As he sat in his usual spot at the end of Marcello’s bar, it wasn’t to the body or the Block and Tackle Bar or William Byrne’s shaky performance that MacNeice’s thoughts turned. What came back was the moment in Cootes when the sun broke through and all the black tree trunks turned to zinc; even the smallest branches glistened silver-gold. It was early March and entirely possible that he wouldn’t see precisely that quality of light for another year. When it had happened, the sparrows around him paused and fluffed their feathers as if they’d noticed too.

He recalled looking back at the bay through the rain as he and Aziz had driven away. Like tiny islands, the remnants of ice that had imprisoned the body lay forlorn, left to drift and dissolve in the brown water. The landscape forgets over time; the bay had already forgotten. MacNeice wouldn’t. The morning, the ice, the hand and buttock, the once-lovely, near-frozen woman had all found their way to the stack of shadows where they’d be waiting for him.

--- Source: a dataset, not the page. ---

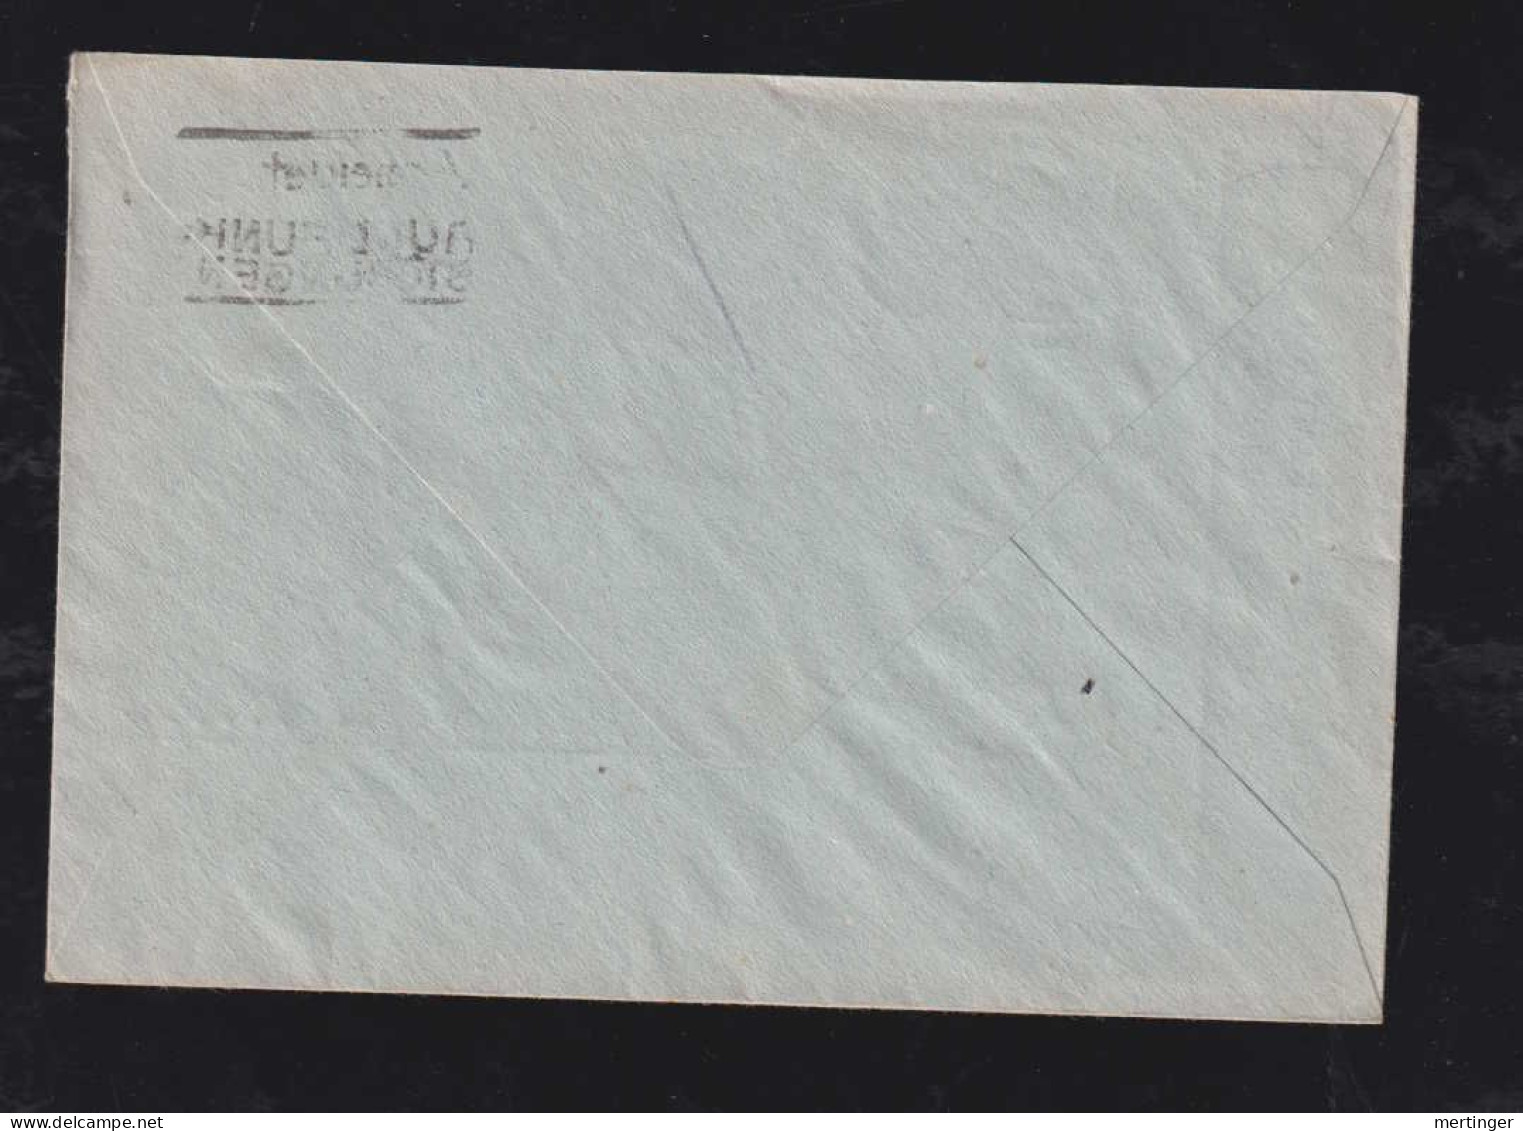 All. Besetzung 1946 Postsache Brief Postscheckamt Köln X VIERSEN - Covers & Documents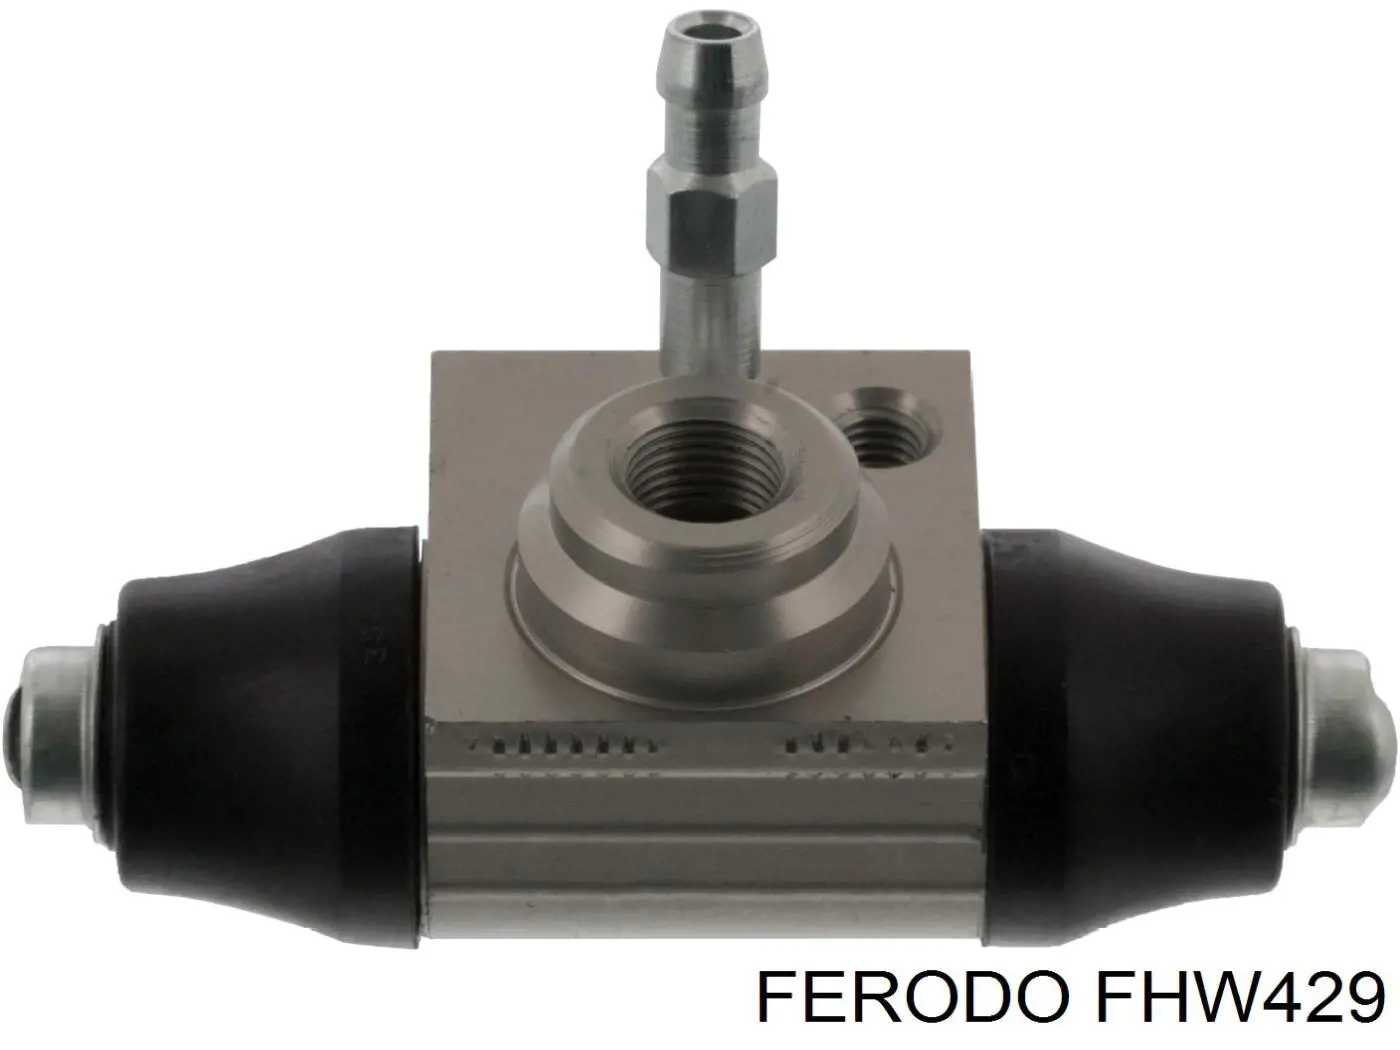 FHW429 Ferodo цилиндр тормозной колесный рабочий задний

While the zinc trees and the happy sparrows were no match for those shadows, he’d cling to them for a time.

His mind drifted back to when he was twelve or so, taking Silver, his golden retriever, into the birch, spruce and pine forest for the first time, climbing over the pink and quartz-veined bedrock with its crispy lichen and blueberry bushes—the latter picked over by his mother or by black bears—to go skinny-dipping on the other side of the Georgian Bay island labelled D-25 by the government bureaucrats that had sold northern properties to the public in the 1950s.